Post
by Barley Water » Tue Aug 21, 2012 10:59 pm
Oh I must respectfully disagree. I think brown malt has a very distintive taste and at 8% I think you will for sure taste it. Dogfish head IPA's add some to the grist but it's a very small percentag (say 6oz in a 5 gallon batch in a 1.064 O.G. beer) and it adds a bit of "toast" to the taste, very nice by the way. I am currently drinking a Brown Porter (very similar to Fuller's London Porter) and I want to say there is maybe 12 ounces of that stuff in a 1.052 O.G. beer which maybe makes up roughly 10% of the grist in my sytem and yeah, it's a very pronounced flavor in that beer. To my taste, crystal malt (the good stuff anyway) has a caramel/toffee flavor depending on which roast you get where Brown malt is toasty, just a smidge short of roast (at least at say 10% of the grist). Crystal malts will tend to add unfermentable sugars to the wort as well as increase the body while Brown malt will not tend to do that.

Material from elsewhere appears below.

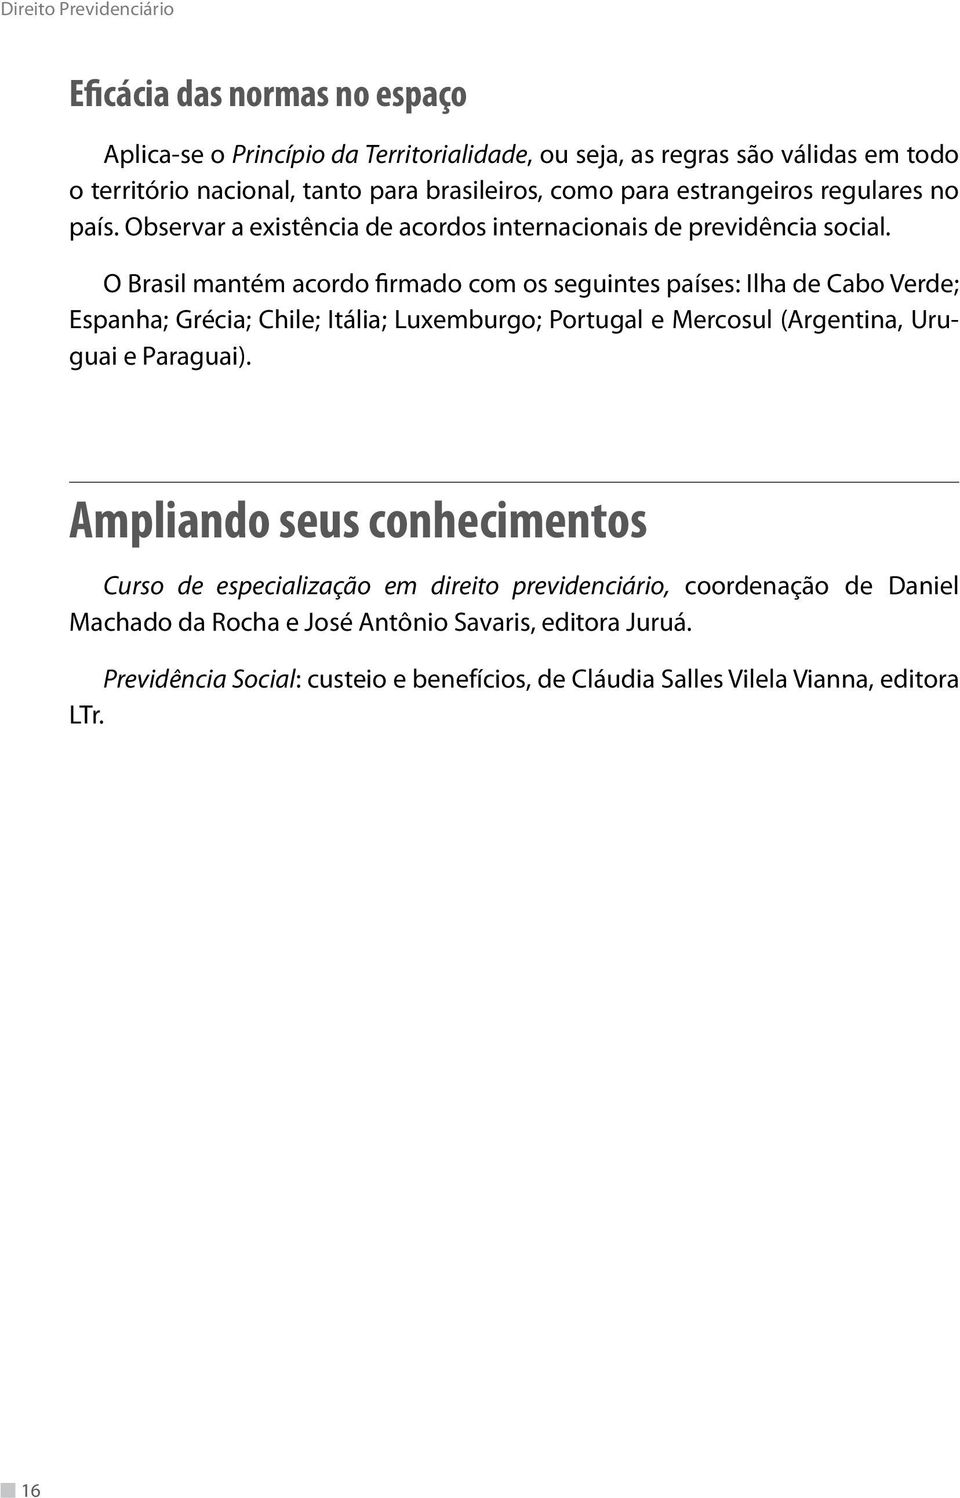 O Brasil mantém acordo firmado com os seguintes países: Ilha de Cabo Verde; Espanha; Grécia; Chile; Itália; Luxemburgo; Portugal e Mercosul (Argentina, Uruguai e Paraguai).

Of course as always, your milege may vary.
Drinking:Saison (in bottles), Belgian Dubbel (in bottles), Oud Bruin (in bottles), Olde Ale (in bottles),
Abbey Triple (in bottles), Munich Helles, Best Bitter (TT Landlord clone), English IPA
Conditioning: Traditional bock bier, CAP
Fermenting: Munich Dunkel
Next up: Bitter (London Pride like), ESB
So many beers to make, so little time (and cold storage space)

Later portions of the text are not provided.